## [PROBLEM TO SOLVE]
When you transcribe the listing that follows, keep every line exact and skip any picture.

## [INFORMATION SUPPLIED]
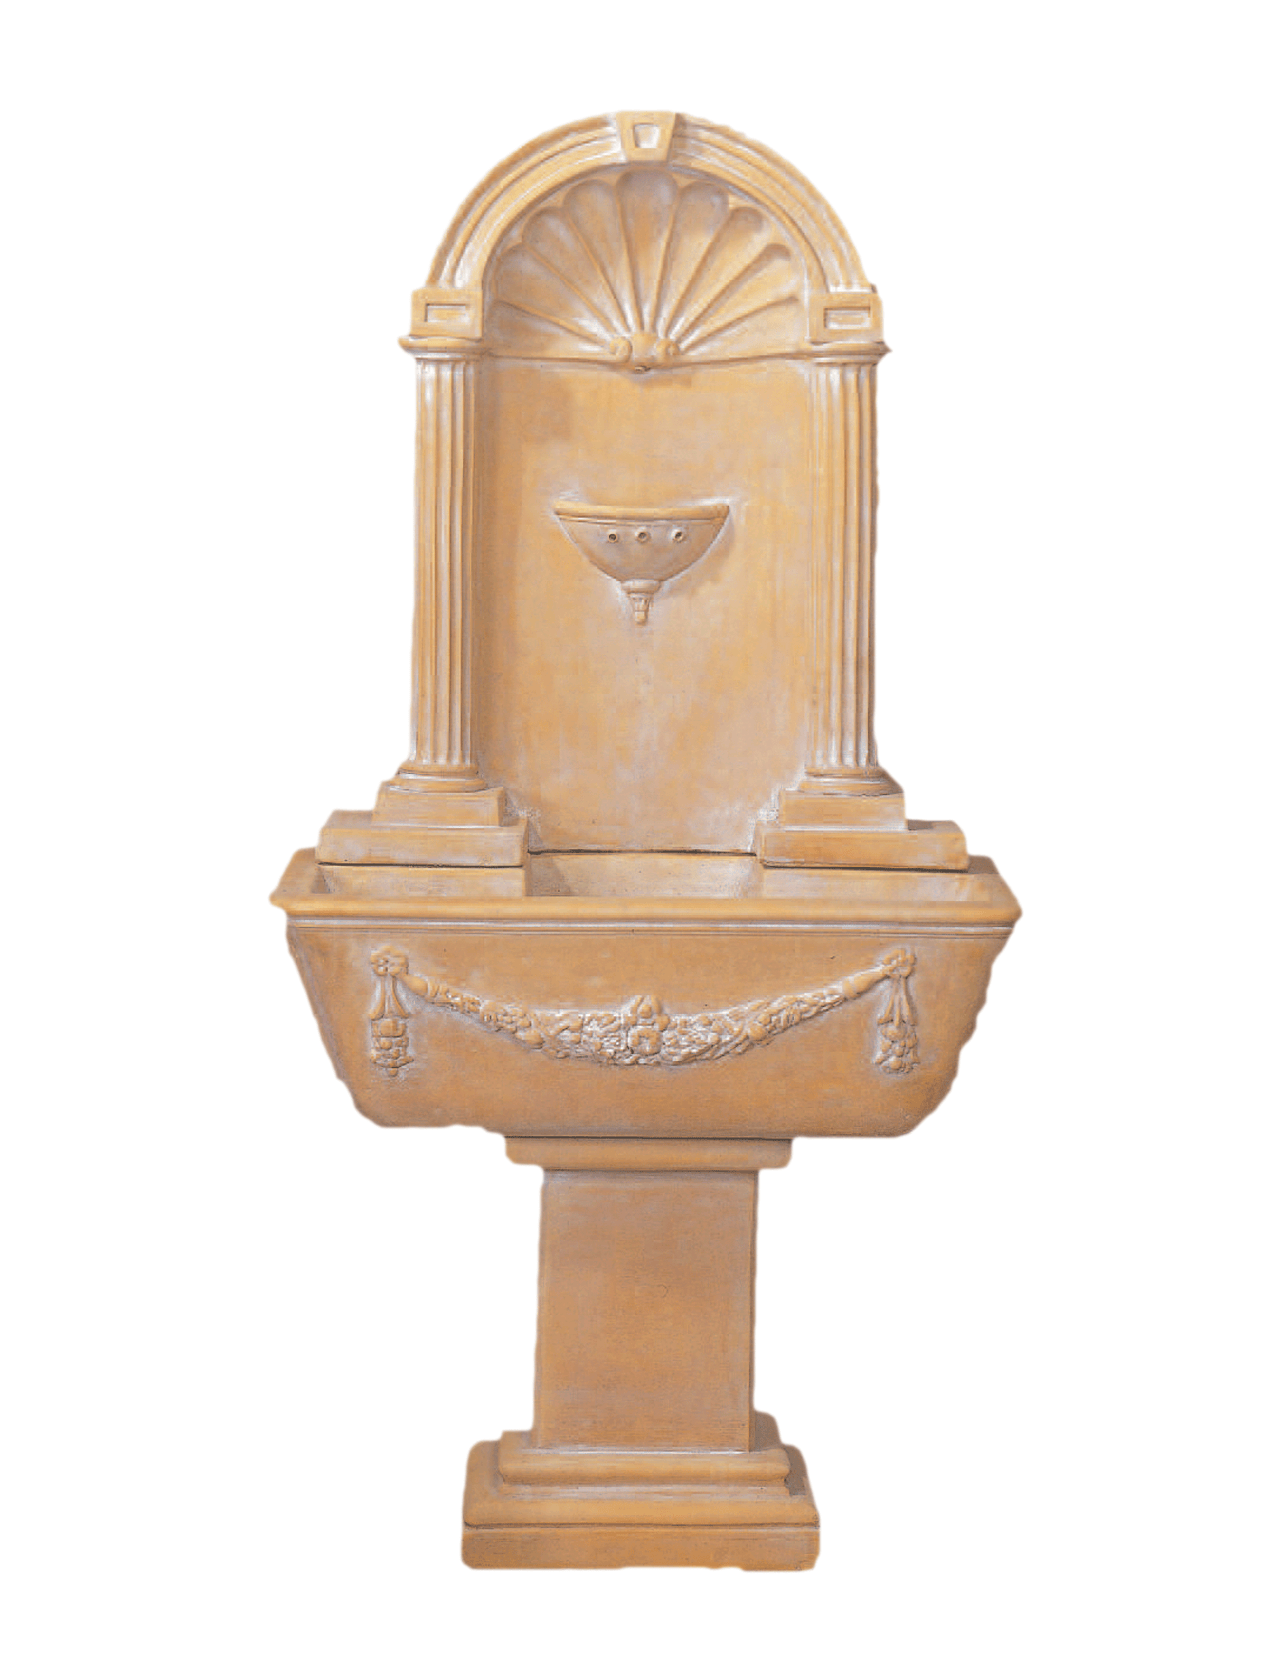 Renaissance Wall Cast Stone Outdoor Garden Fountains With Spout Fountain Tuscan 
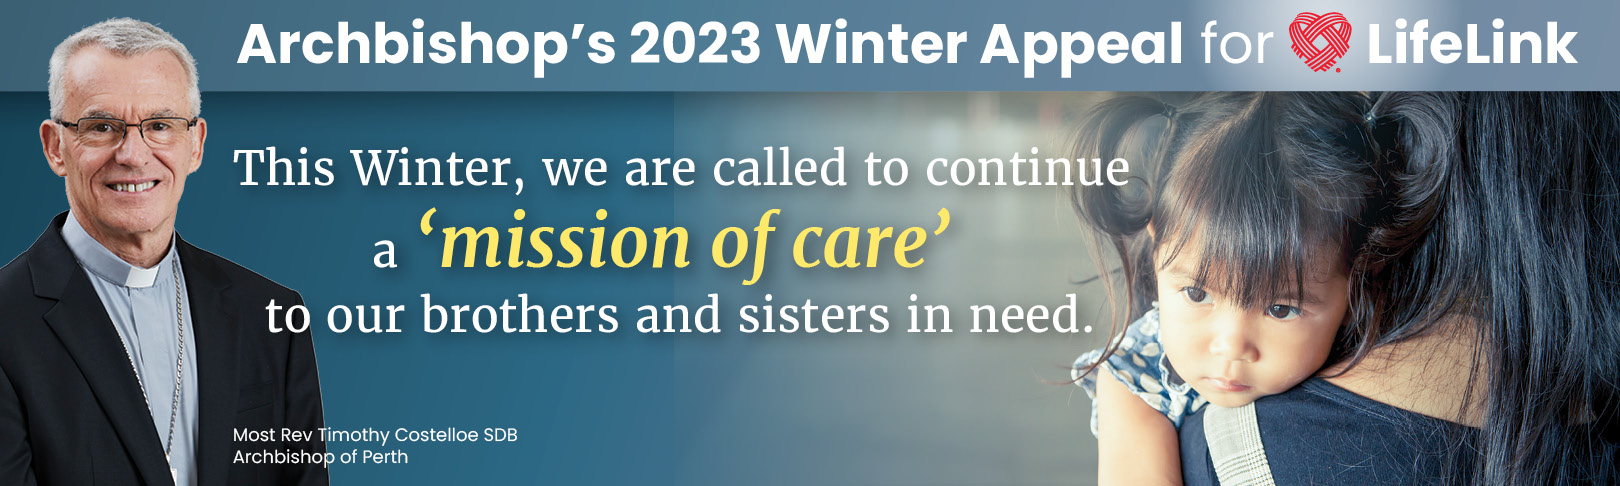 Archbishop’s 2023 Winter Appeal for LifeLink This Winter, we are called to continue a ‘mission of care’ to our brothers and sisters in need.
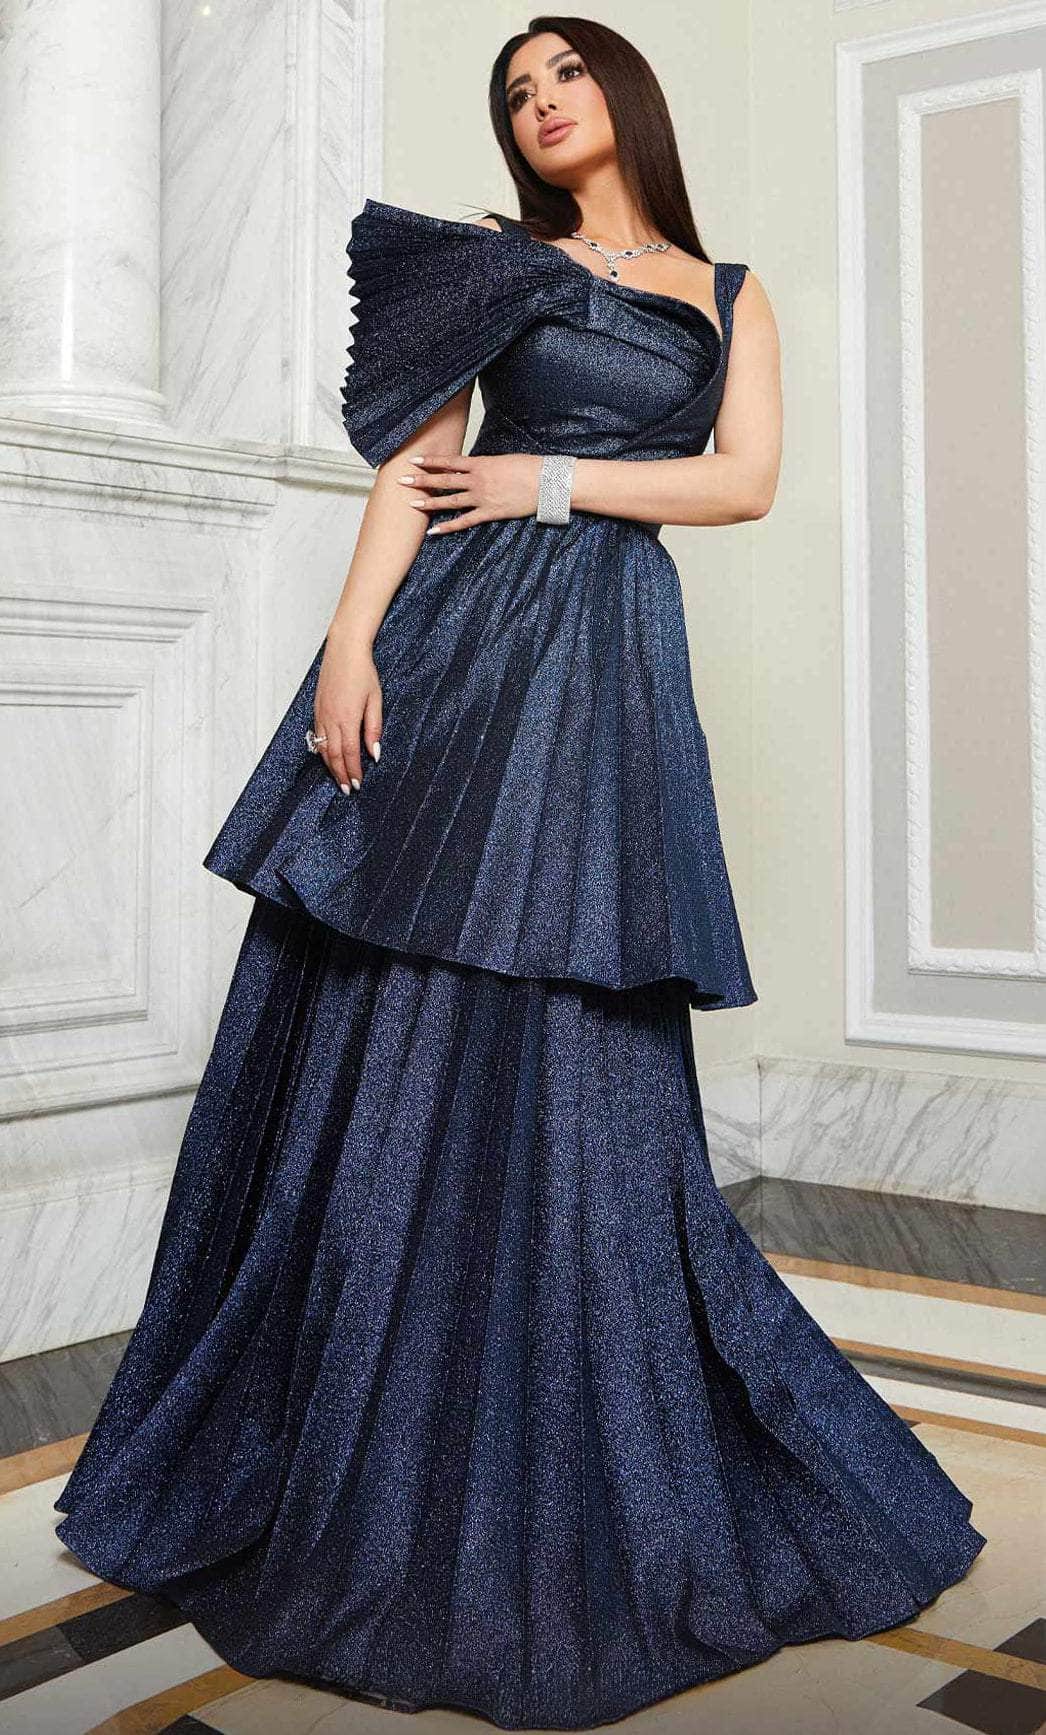 MNM Couture E0017 - Asymmetric Metallic Pleated Evening Gown Prom Dresses 4 / Navy Blue

## [TASK OUTPUT]
 Renaissance Wall Cast Stone Outdoor Garden Fountains With Spout Fountain Tuscan 
 Archbishop’s 2023 Winter Appeal for LifeLink This Winter, we are called to continue a ‘mission of care’ to our brothers and sisters in need.
 MNM Couture E0017 - Asymmetric Metallic Pleated Evening Gown Prom Dresses 4 / Navy Blue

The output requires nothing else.